In a recent report made to the "American Pomological Society," at Philadelphia, I mentioned in regard to the apples grown in Western New York (in one vicinity at least) that they were generally fair, and free from spots or blotches. Much to my regret, I find that many of the best sorts are this season affected with black spots upon them, which not only are on the outer surface but impregnates the flesh of the fruit with a bitter and corrosive taste. It prevails very much, as before said, in the best varieties, and very few are exempt. I have an opinion that it is a disease which is produced in a great measure from the great neglect observable in most all the orchards, in the trees not being properly trimmed. Most all orchards are too thickly planted, for one thing; so much so, that such a density of foliage, when the trees are maturing their fruit, collects and retains moisture that neither the sun or air has sufficient effect to keep off what may truly be called a mildew of unhealthy and pernicious gangrene, which centers on the skin of the apples and very much injures them, both as regards appearance and quality.

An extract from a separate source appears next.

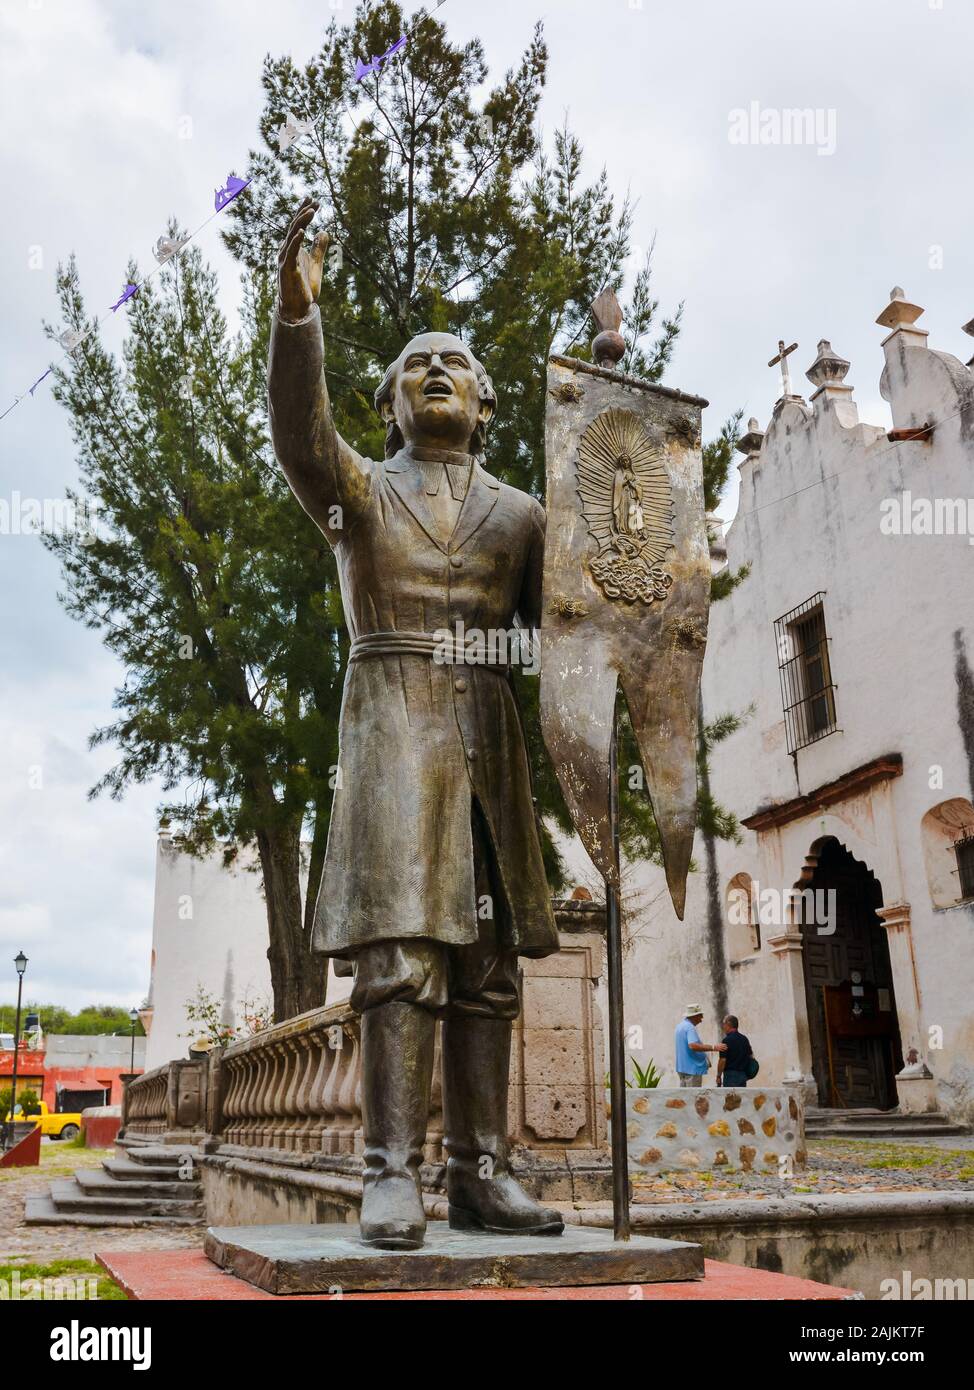 La estatua de Don Miguel Hidalgo y Costilla, un sacerdote católico mexicano y líder de la guerra de la Independencia de México. Foto de stock

I feel so impressed with the importance of the proper pruning of trees, that I wish that a score of practical men were thoroughly versed in the matter and would offer their services to growers of fruit trees, who in turn, I should hope, would employ such ones to trim their trees. It is painful to see such neglect toward trees that might be renewed from year to year by judicious pruning, and the fruit kept good, if not grow better and better.

I merely throw out these ideas in hopes that you will deem it of importance to furnish what you think a preventive. A handsome and fair fruit is as beautiful as a fair and beauteous woman, but the blemishes which I have been speaking of, mars the original beauty which nature gave to the apple and caused it to be so tempting. J. H. Watts. - Rochester, N. Y.

[The development of this parasitic fungus alluded to by Mr. Watts, is due more, we apprehend, to atmospheric influences than to any defective pruning or management. We see it prevails in certain seasons and in certain localities much more than in others. It was scarcely seen in Western New York until a year or two ago, and it is quite probable that next season we may be again exempted from it. The remarks, however, in regard to pruning are none the less worthy of attention, for really there prevails a very great negligence in this particular branch of orchard culture. - Ed].